Thursday, September 17, 2009

WE ARE GETTING RIPPED OFF!

"The GOP only cares about costs when a government program is not lining the pockets of their corporate supporters."
- SJ of Random Thoughts, New York City -

"Tax the very wealthy to make everyone healthy!"
- Vigilante, Sozadee, CA -



Left click on diagram below to make it larger.

As you can plainly see, the percentage of our Gross Domestic Product we Americans pay to maintain our private, for profit "health care" system is 16%, far in excess of what all the nations below us on the chart pay with their supposedly more expensive "socialized medicine" systems. This is an outrage, considering that 15-30% of what we pay goes directly to health insurance and pharmaceutical company CEO salaries and perks, as well as for their advertising and administrative costs (including paying lobbyists ), and that our system does not provide the best across the board health care in the world for us. By contrast, our government-run VA, Medicare, and Medicaid systems' administrative costs add only a mere 4% to the cost of providing health care, and none of that lines anyone's pockets as huge salaries or excessively high profit. We are clearly getting ripped off by the current private, FOR PROFIT system, and this system MUST change!

According to a study prepared by Robert B. Helms, Resident Scholar at the American Enterprise Institute, in 1940 America, only 9% of the population had insurance coverage for medical expenses.
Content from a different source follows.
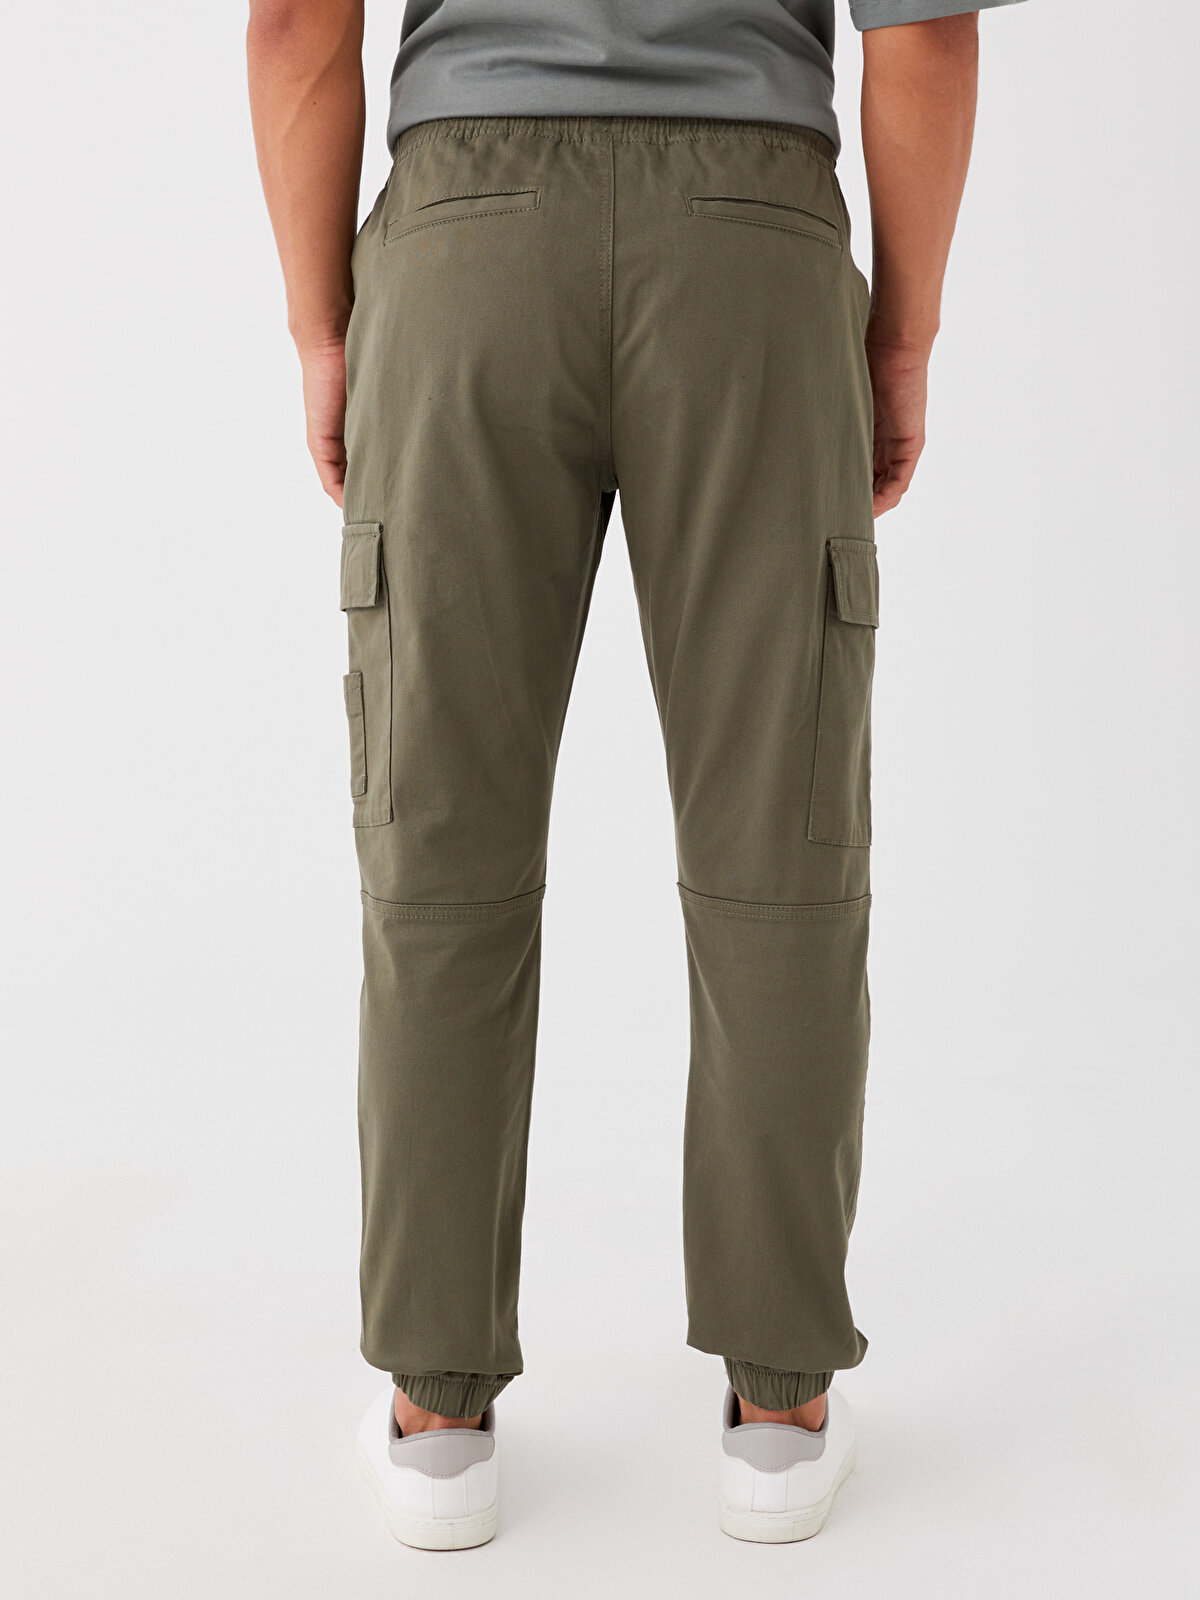 Buy Mens Cargos & Custom Made Cargo Pants For Men - Apella
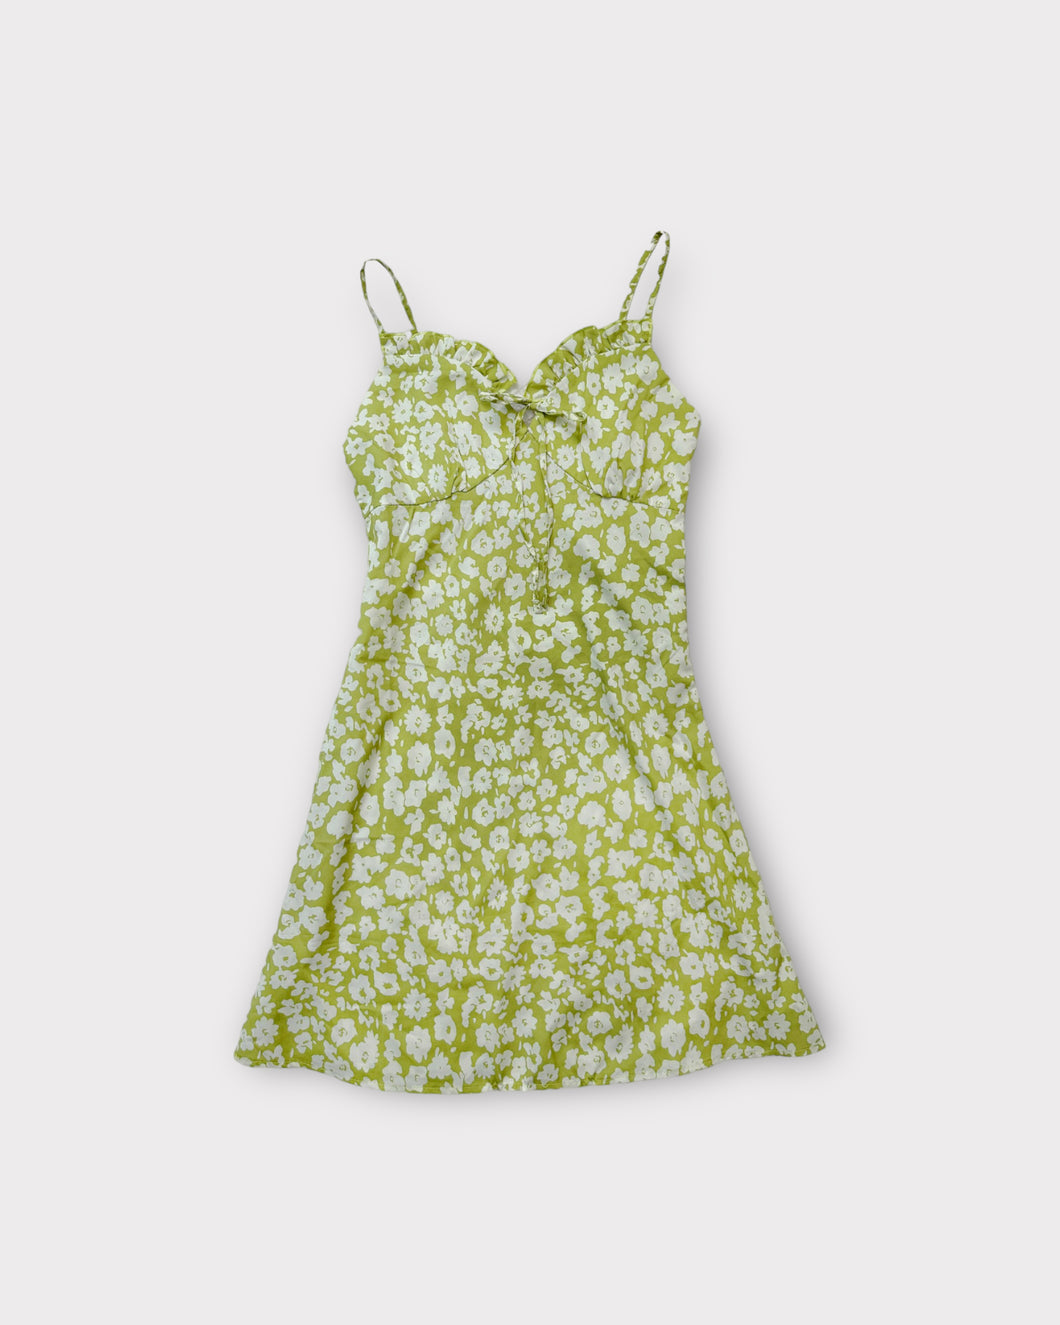 Romi Green Floral Summer Mini Dress (S)

After World War II, the rise of employer-paid or employer/employee-funded insurance benefit programs saw this figure jump to 62.2%, with an additional 6.8% carrying individually purchased coverage, and 17.5% receiving or co-covered with coverage through public programs. In 2006, a total of 18% had no coverage at all (roughly 1 in every 5.6 of us).

1 in every 6.5 of us now has no health care coverage at all. The number of uninsured is rising every day, yet so are CEO salaries, premium rates, co-pays, and deductibles, well above the rate of inflation. This is unjustifiable, indefensible, and MUST change as well!

In 1940, health insurance premiums took only 0.4% of disposable income.
By 1970, this figure had risen to 2.91%.
It is far higher today, now exceeding 10% for many of us.

According to the Henry J. Kaiser Family Foundation, health insurance premium costs have increased 97% since 2000, FAR ABOVE THE RATE OF INFLATION. In that same period, the level of worker contributions toward health insurance policy costs skyrocketed 107%, while their wage levels remained relatively flat. Many American small businesses have now found it increasinglydifficult or impossible to provide health care for their employees. Health care provider greed and inefficiency is eating up small business profit and workers' paychecks, This is unsustainable. A June 5, 2009 Science Daily report states that, in 2007 (prior to the current economic downturn), 60% of all bankruptcies in the U.S. had their origins in medically-related causes. One illness-related bankruptcy was occurring on an average of every 90 seconds! That number has surely risen since then, and this situation must come to a screeching halt! Yet health insurance and pharmaceutical executives keep raising their prices and continue to stuff their already overflowing wallets with cash, completely unchallenged.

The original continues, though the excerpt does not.